Hallyu! The Korean Wave at the V and A – Korean Exhibition review
December 10, 2022Hallyu! The Korean Wave, is the Korean exhibition at the Victoria and Albert Museum. It showcases the vitality of Korean pop culture, including films, fashion, web comics, streaming series, and pop music.
It’s an intense assault on the senses and opens with a display, mainly via a patchwork of screens, on PSI’s 2012 international pop music hit, Gangnam Style. This song, and its accompanying dance, is simple, cheerful, and ridiculously catchy. If we’re honest, I thought it was a questionable choice to set the temperature for the show, but it turns out that this is exactly the tone and tempo that is hit throughout. The Gangnam District is an area of South Korea in Seoul that is particularly cool and expensive.

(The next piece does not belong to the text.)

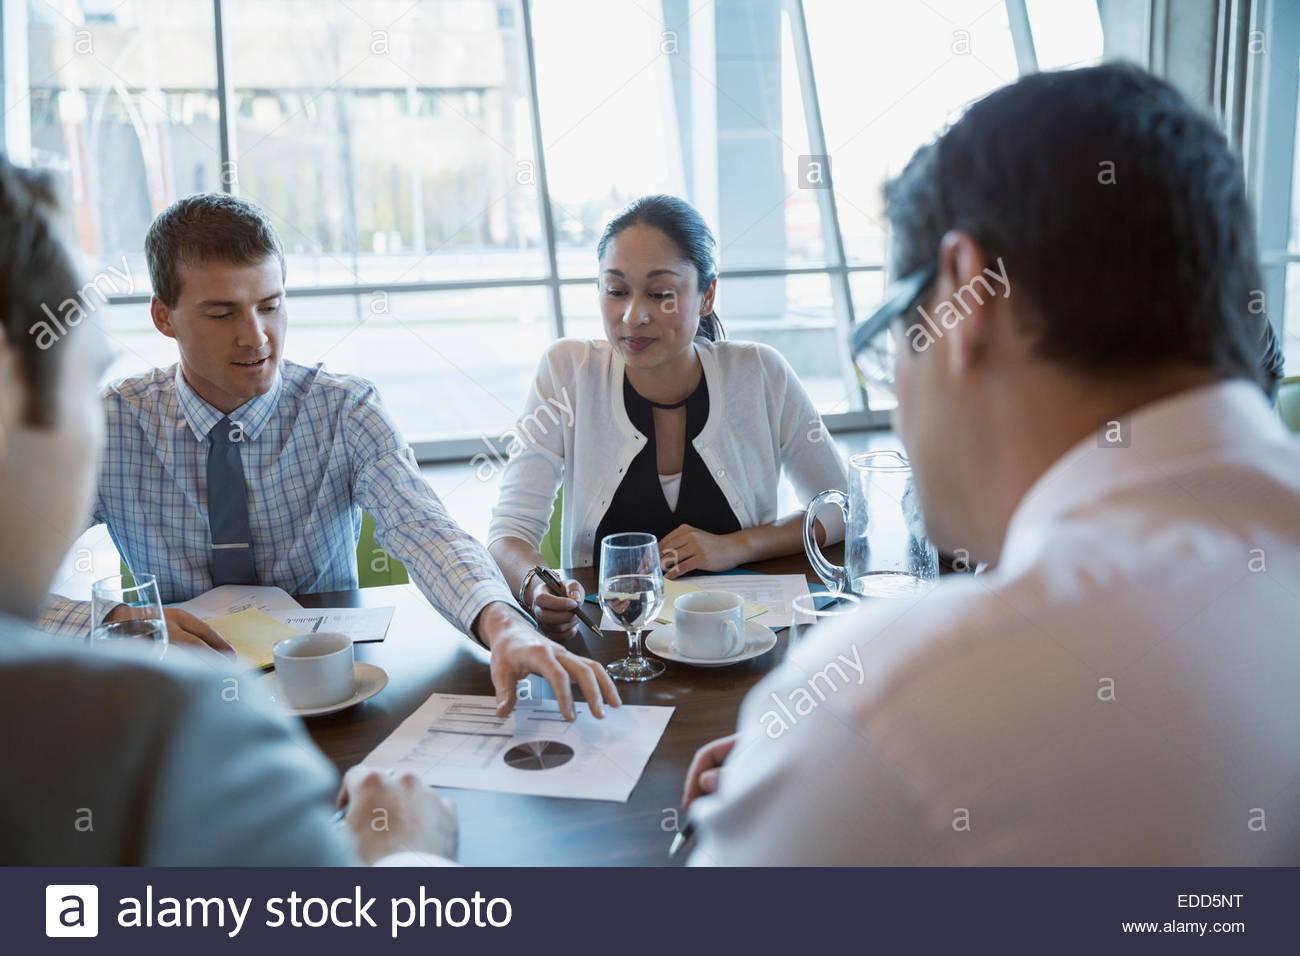 La gente di affari che discutono dei dati nella sala conferenza incontro Immagini Stock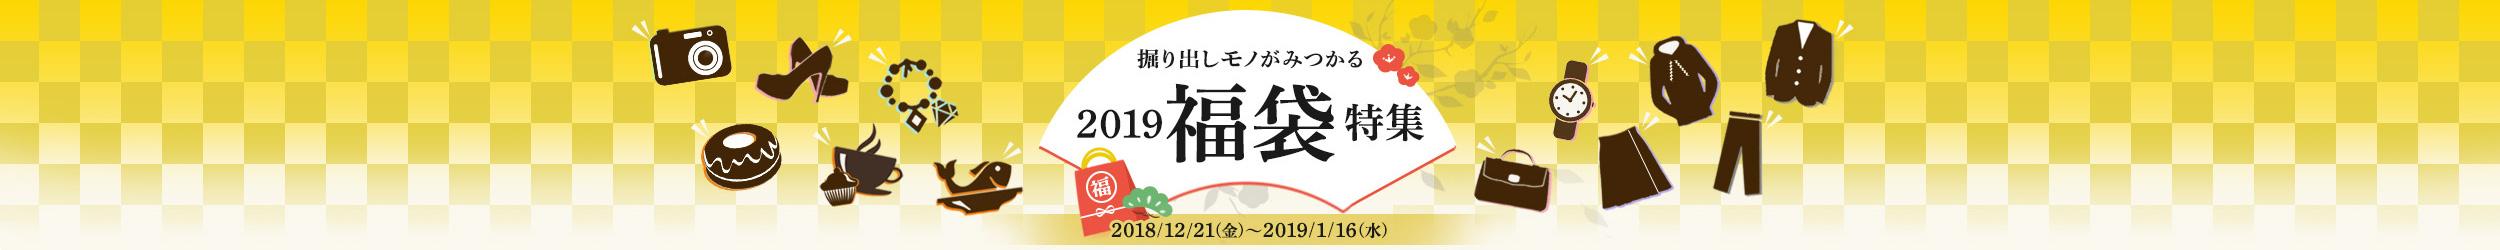 福袋特集 2019 人気の福袋が満載! - Yahoo!ショッピング

Hallyu, literally translated, means Korean Wave but also refers South Korean pop culture and entertainment itself. So after a quick introduction to the political climate that lead to the suppression of an organic growth of culture in both North and South Korea, we have a quick skim through the 1980s and 1990s, and then on to the films, TV, comics, music, dance and fashion in Korea over the last 20 years.
Korean Films and Series
Interestingly, this show does not focus on the worldwide influences that the country must surely now enjoy, although some exhibition objects are created by the South Korean diaspora living or educated in other countries. What is often cited, however, is remixes of the country’s own history.
Koreans enjoy period dramas in the same way that we do. But while we might talk about the Victorian period, or Edwardian, etc, Koreans have the Joseon Dynasty, which, lasting from 1392 – 1897, covers five centuries. I expect that they actually divide it up in a more sophisticated manner than that though. I feel that surely fashions in clothing, poetry, literature, music and manners as well as political events must have changed and shifted during that time. In the exhibition they just called it the Joseon period, however. I think it’s a bit like us saying vaguely “In the Olden Days”.
Featured here are costumes from films full of warriors, princesses, servant girls, etc. Much like in Bridgerton, contemporary Korean costume design takes a loose approach to historical accuracy, and women’s hanbok are deliberately made with anachronistic big colourful florals, whilst men’s armour is apparently papier mâché with assorted door furniture attached.
Costumes
Korean historical fashion is a rich seam to mine. Like ours, their silhouette has evolved and colour has a great significance. Their head wear is fantastic and it is mentioned that staying tidy and beautiful was a moral obligation throughout their history. Particularly lovely is a case full of (original, I think?) men’s headwear and hats. The hats have tall crowns to accommodate topknots. Decorative beads are added as chinstraps and one has a peacock’s feather. One item is a headband, very loosely woven in horsehair which was worn under the hat to keep stray hairs from, well, straying. It is basically an ancient Korean hairnet. Another structure is also very light, fine and airy. It’s made from horsehair too, and has no need to be practical at all, as it’s meant for wearing indoors.
To give us some touch points, several films and TV series which have been successfully exported to a British audience are featured. There is a recreation of the pitiful bathroom set from Parasite. There are also objects from The Handmaiden, with the storyboard and a prop sewing kit that plays a pivotal role. Squid Game is represented by the iconic hot pink boiler suits of the guards (I always thought they were maroon!) and green tracksuits of the contenders, and a wig and long fight scene are stylishly presented from Old Boy.
Korea has also been able to mend its fractured relationship with Japan somewhat by gaining a following for its romantic dramas there.
K-Pop at the Korean Exhibition
Many of the costumes and outfits featured in this section come from seven-piece boy band BTS. It must be a big draw for fans. They appeared on Times Magazine’s list of the 100 most influential people in the world, and are not only South Korea’s biggest selling music artists of all time, but very big in the rest of the world, too.
Fashion at the Korean Exhibition
The final room is the fashion room. There are absolutely beautiful catwalk creations here, as well as streetwear designers. There is a focus on designers who use the traditional shapes of Korean clothing, called Hanbok. This encompasses layers of jeogori (blouse), baji (trousers), chima (skirts) and po (coat). Underwear also enhances the shape of the outfit, so garments equivalent to petticoats also add volume.
This ensemble is beautiful in its entirety, but contemporary designers play with its elements. Much as Western designers like Vivienne Westwood took inspiration from, say 18th century clothes, but dramatically chopped the full, ankle length skirts of the period into mini-crinis, here fashion designers take the jeogori, render it in an exaggerated print, and pair it with hot pants. Another designer created a man’s po in a traditional cut, but using denim and leather. A third showed a collection of chima in different mono colours. Stripped of the other elements, they are breathtakingly elegant.
Hallyu! The Korean Wave is at the V&A Museum until 25th June 2023.